Figure 7. Mesenchymal and amoeboidal 3D migration dynamic modes in metastatic melanoma. Mesenchymal migration depends on RAC signaling to establish front-rear 3D polarity. This polarity generates a predominant pseudopodia, producing the characteristic spindle like morphology. Mesenchymal migration depends on MMP-dependent ECM degradation and integrin-dependent cell-matrix attachment protein complexes known as focal adhesions (FAs). Most probably, FAs are related as being important for exocytic trafficking of MMPs. In contrast, amoeboid migration assumes different migration modes from blebbing, chimneying to actin gliding modes. Amoeboidal migration requires little to no integrin activity and or MMP-mediated matrix degradation. CAFs facilitate ECM changes through deposition of fibronectin that crosslinks collagen I fibers.

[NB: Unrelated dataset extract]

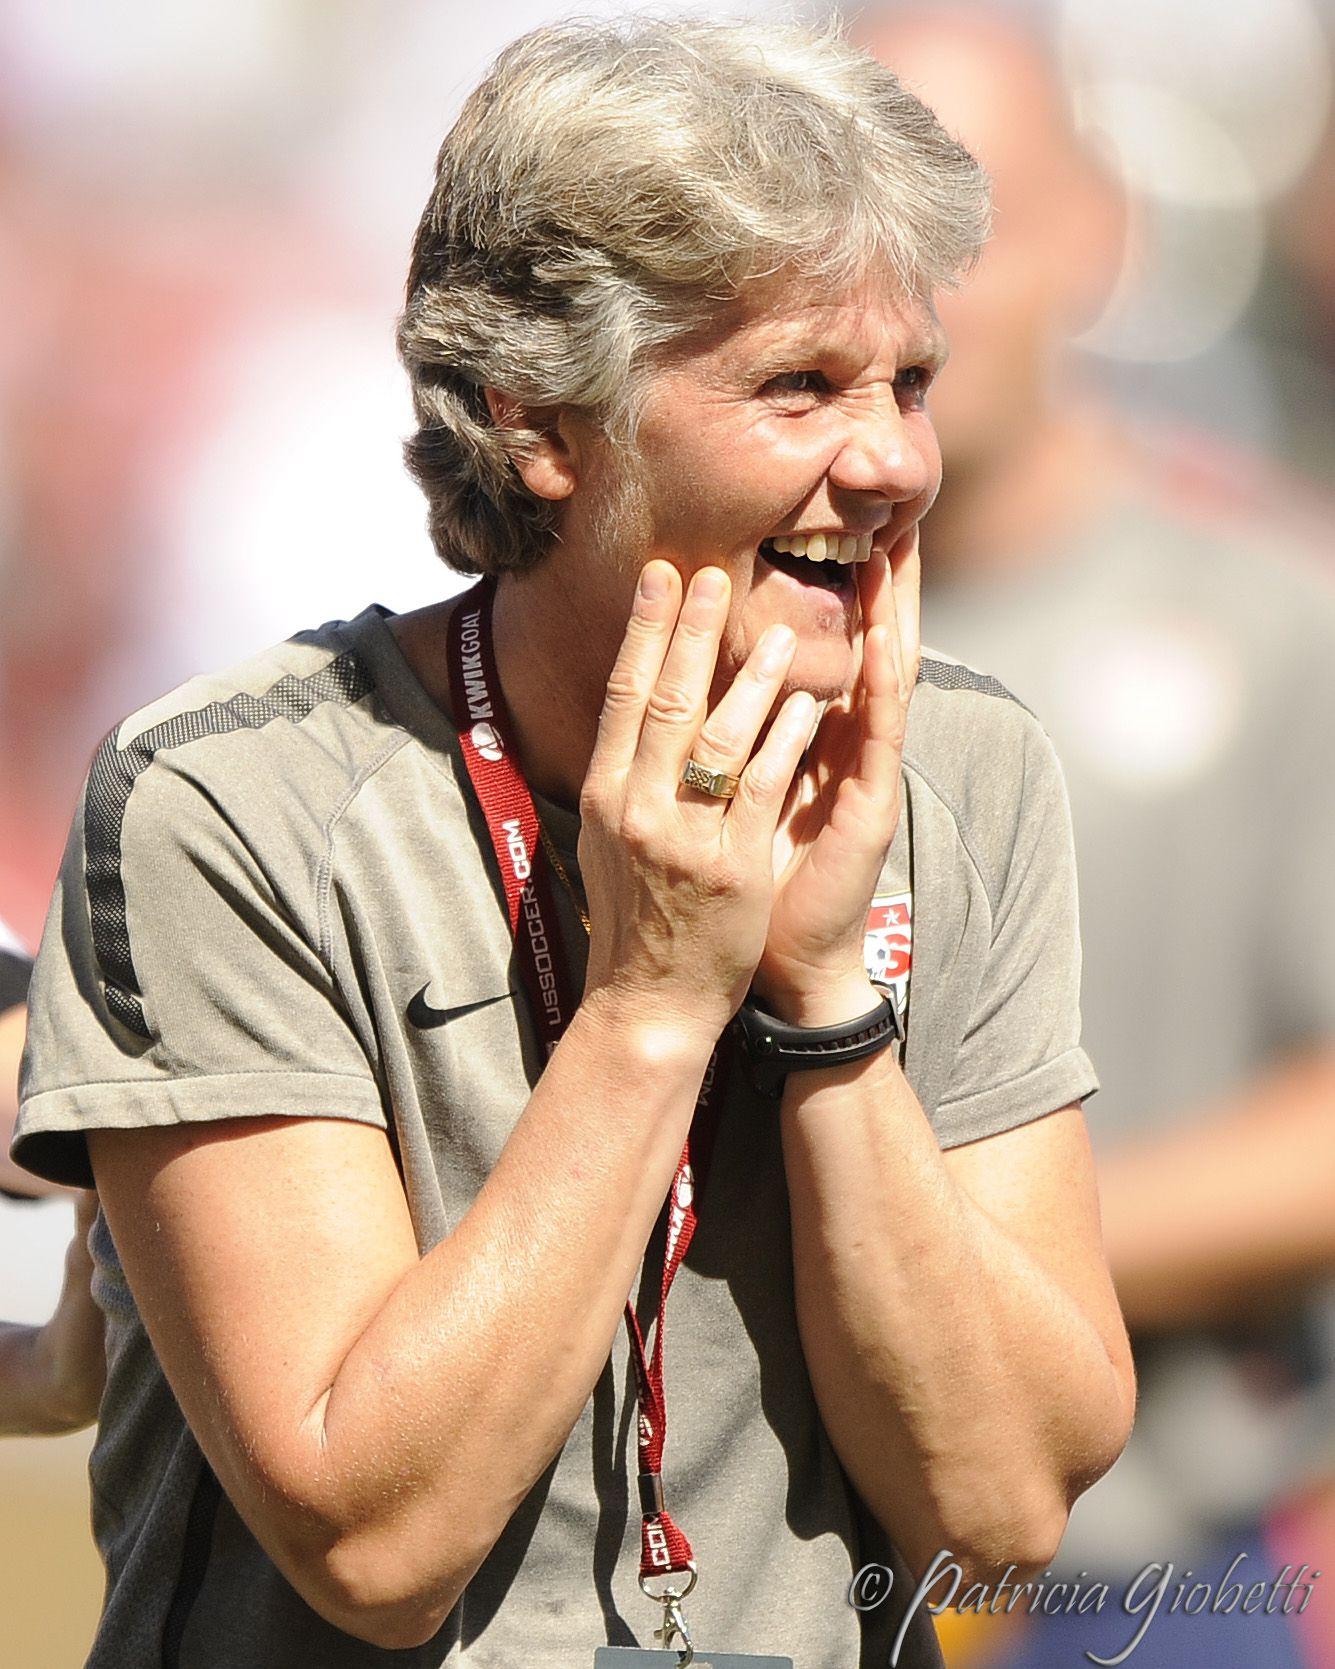 Pia Sundhage Swedish Soccer Coach Who Won Olympic Gold With Usa

CAF-dependent contractility further in reorganization of ECM influencing melanoma migration and survival mechanosensory proteins (based in Ju et al., 2018).

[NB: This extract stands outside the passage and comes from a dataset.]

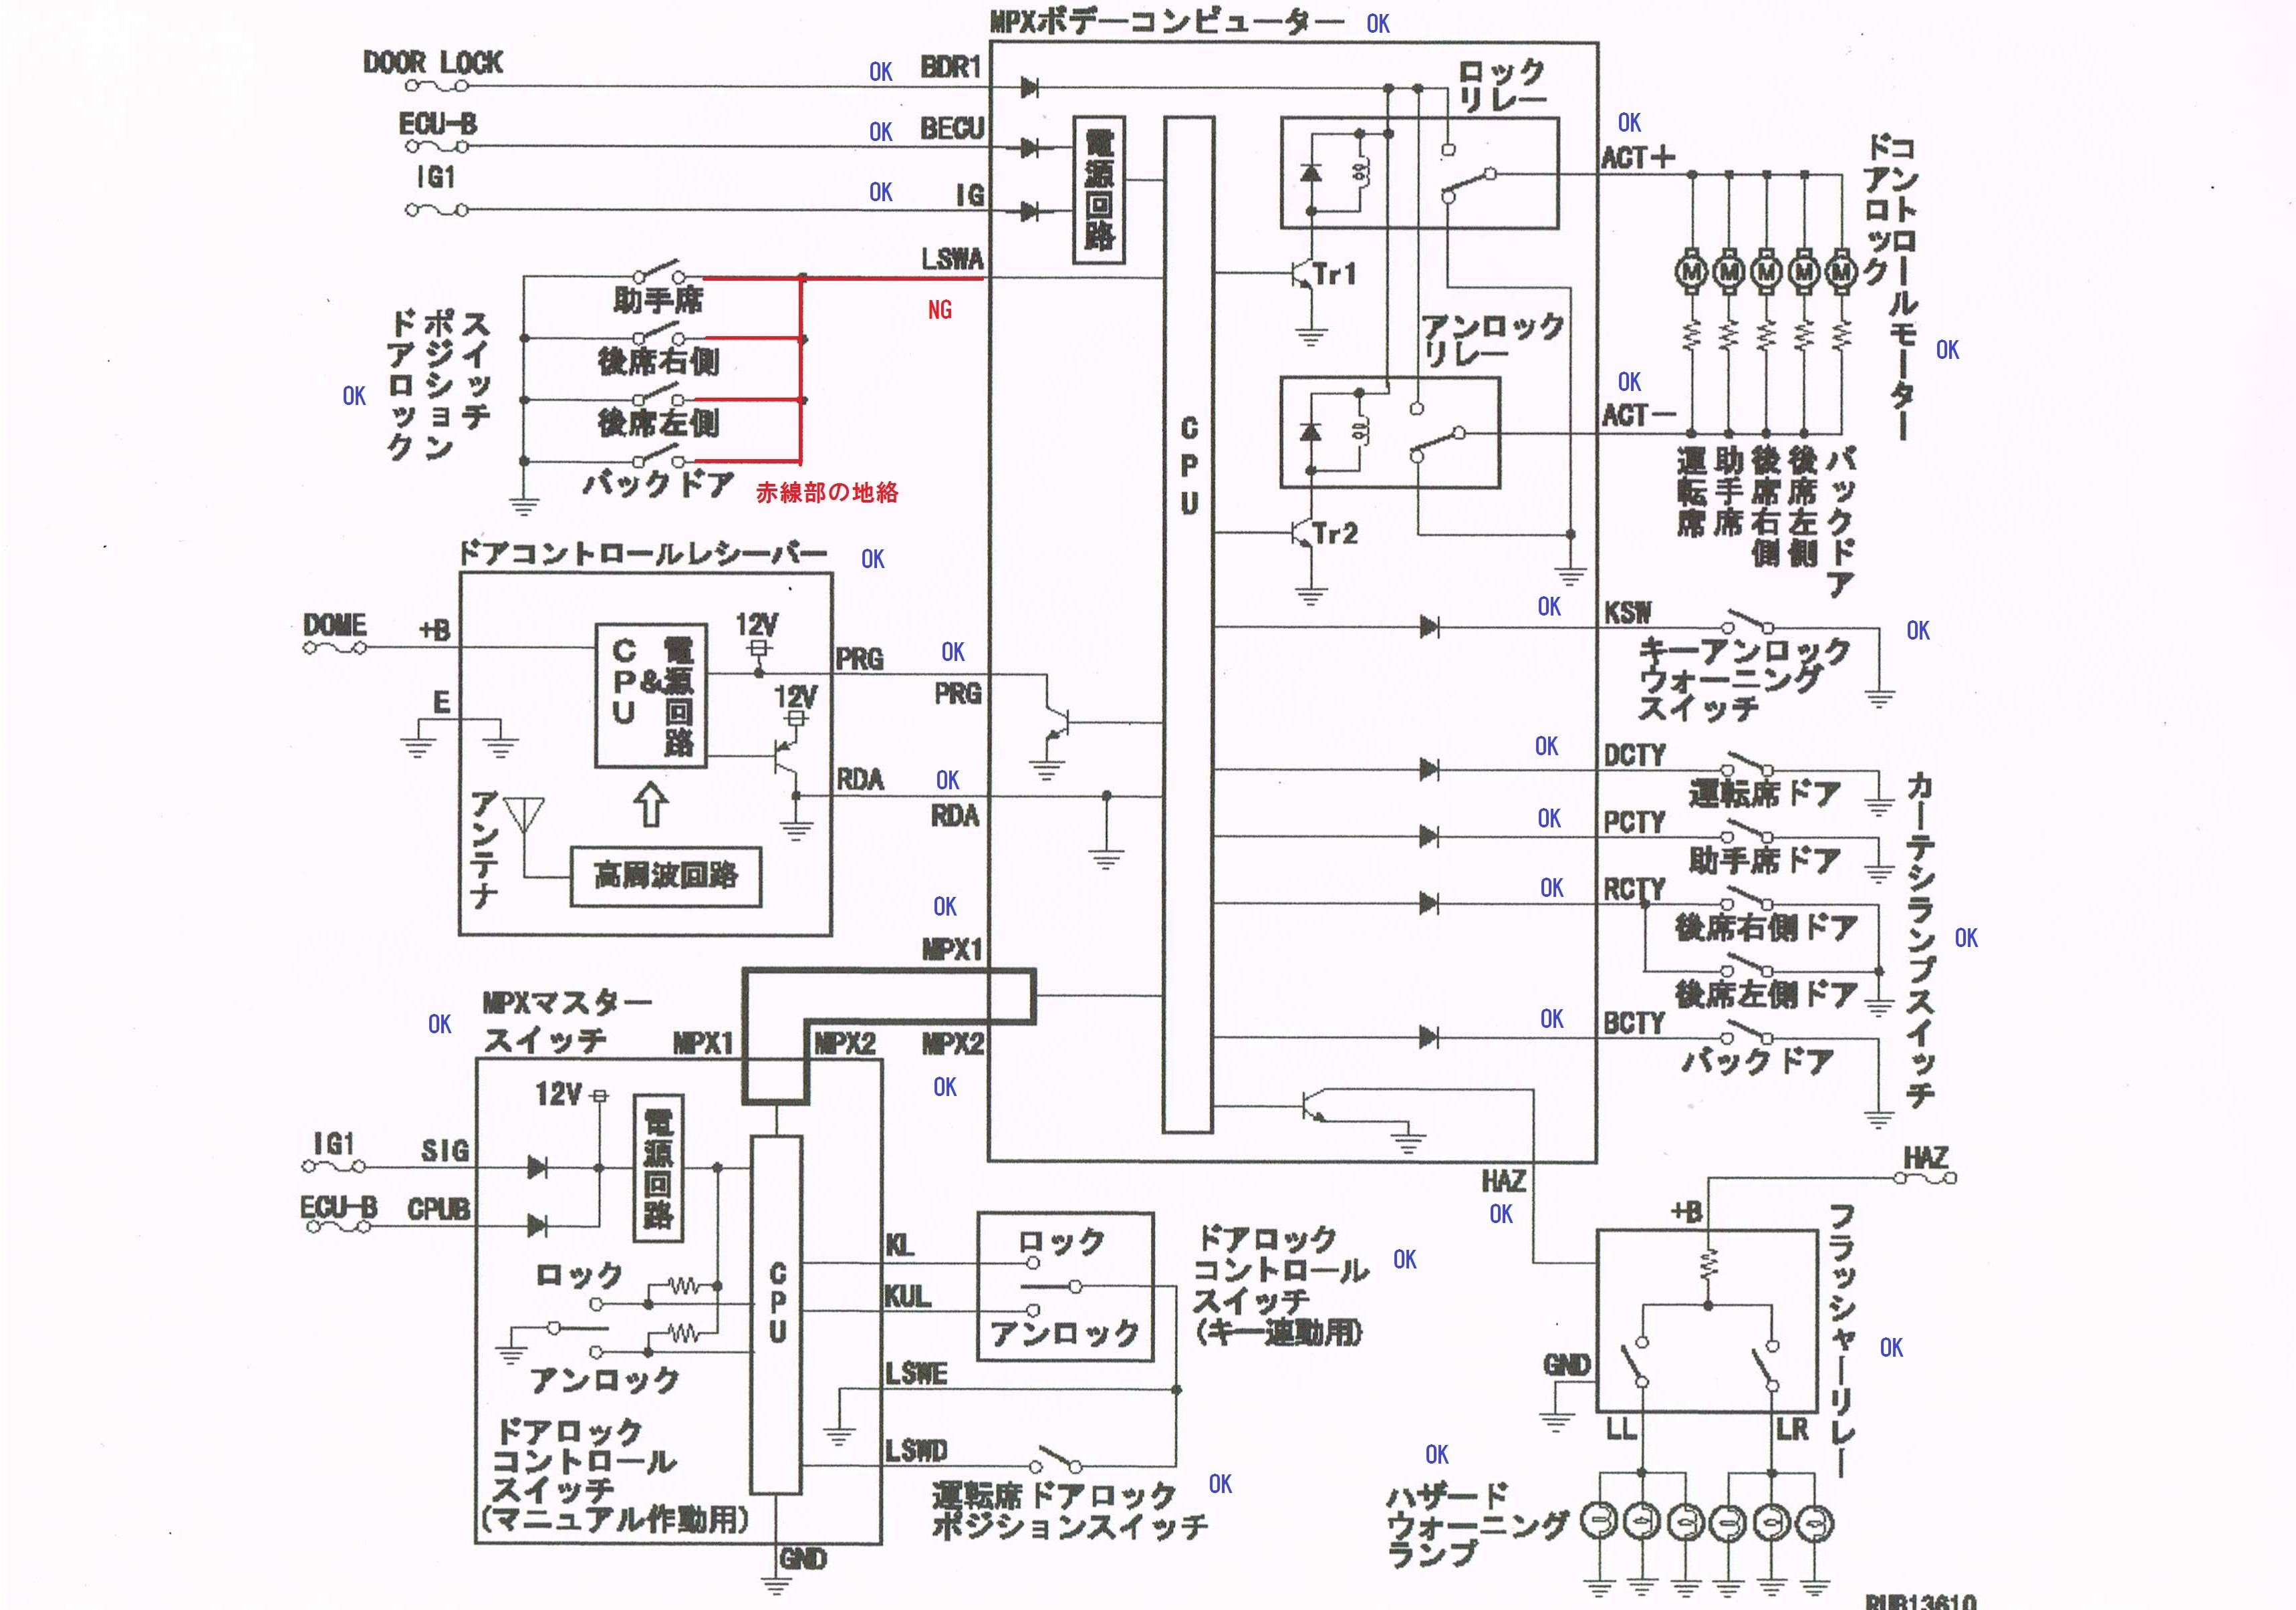 ACU25 DoorLockSystem_1

According to Huang et al. (2018), the fluid shear stress (FSS) is important for migration and metastization. The shear stress flow is a variable in tumor metastasis-related fluid microenvironment. Blood shear stress levels (1–3000 dyn/cm2) is higher than interstitial flow (0.1 dyn/cm2) and lymph flow (0.64 dyn/cm2). In blood, only 0.02% of CTCs survive. In lymphatic fluid, the FSS generated at sentinel lymph nodes can significantly upregulate ICAM-1 in lymphoid endothelial cells, facilitating lymph node metastasis. Low FSS facilitate cell melanoma adhesion facilitating the extravasation and metastization (Huang et al., 2018). The MelCTCs are promising cancer biomarkers but isolation from the blood is very challenging because of their huge heterogeneity, which makes difficult their biological and clinical study (Aya-Bonilla et al., 2017). In melanoma, the metastization occurs in several organs being the lung, brain (Tawbi et al., 2018) and liver, the most affected ones (Damsky et al., 2010). “Why is melanoma so metastatic?” asked Braeuer et al. (2013). Melanoma cells are very efficient in invading the host immune system sharing several molecules with the vascular system, having a potentiality for angiogenesis, mesenchymal nature more than other tumors (Braeuer et al., 2013).

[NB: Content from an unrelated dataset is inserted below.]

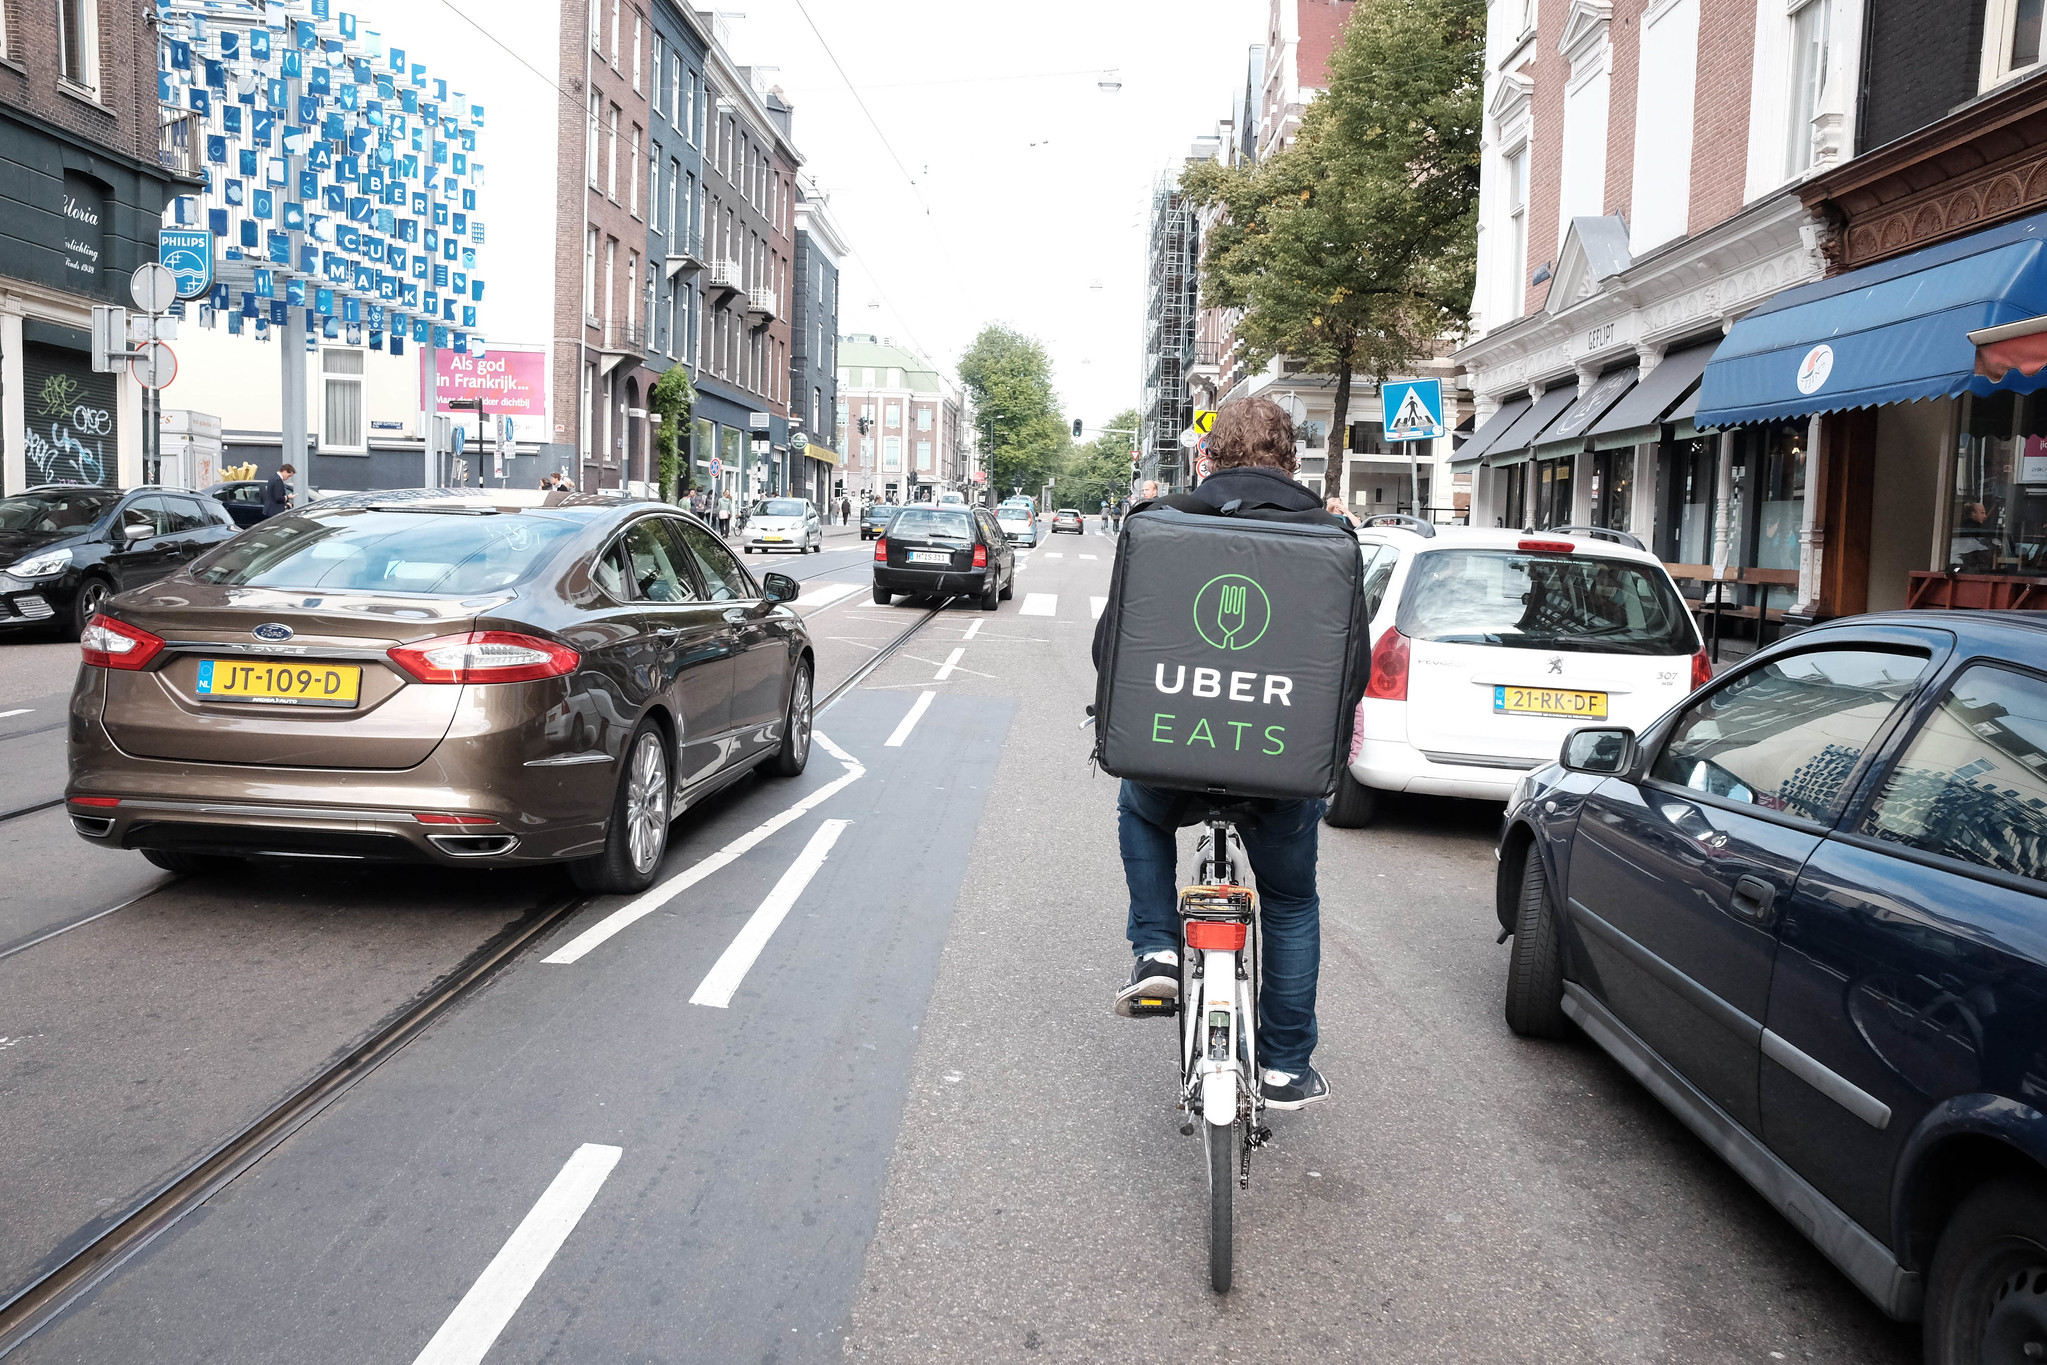 Uber Eats、2つの手数料を追加。10%のサービス料と150円の少額手数料

The extravasation process, in melanoma, can be classified as paracellular and transcellular. The paracellular type is based on cell adhesion molecules (like CD44 and others). In transcellular extravasation, cancer cells can exit the circulatory system and penetrate through endothelial cells, not between endothelial cells (Lee et al., 2019). Regarding the metastization to the brain, Central Nervous System (CNS) has no lymphatic system, being the blood stream and the Blood-Brain Barrier (BBB) the pathway to melanoma reach the brain. Fazakas et al. (2011) investigated this process in vitro using cerebral endothelial cells (CECs), the A2058 metastatic lymph node and B16/F10 melanoma cell lines, respectively. Melanoma cells adhere to confluent brain endothelial cells. Melanoma cells migrate through the endothelial monolayer, continuing its movement beneath the endothelial cell layer. Melanoma cells, in contact with the brain endothelial cells, disrupted the TJ and AJ of CECs and used partially the paracellular transmigration pathway. During the experiment, melanoma cells produce and release large amount of secreted factors, which, if inhibited, decrease 44 to 55% of melanoma cell migration through the CECs. Figure 8 presents a possible explanation for paracellular migration of melanoma cells through the endothelial monolayer (Fazakas et al., 2011). In terms of forces involved in this process refer that this process in not totally understood and to our knowledge there is no literature related to this mechanism that could help to understand how the cells behave. In terms of biophysics, more work should be performed to understand the role of the forces and contractibility in the hypothesis proposed.
Figure 8. Paracellular migration mechanism used by melanoma cells in metastization of brain tissue, through the cerebral endothelial cells. (Step 1) Melanoma cells settled on the endothelial cell junctions; (Step 2) Factors secreted by melanoma cells are directed to the paracellular junctions. The secreted factors will affect the adherent junctions permeability and the protrusion of melanoma cell extends through the endothelial paracellular junctions; (Step 3) Melanoma cell extension and the secreted factors disrupt endothelial paracellular and basolateral junctions [Based in Anchan et al. (2019), Herman et al. (2019)].
Melanoma cells may attach in clusters to the brain endothelial monolayer, through N-cadherin mediated junctions (Herman et al., 2019).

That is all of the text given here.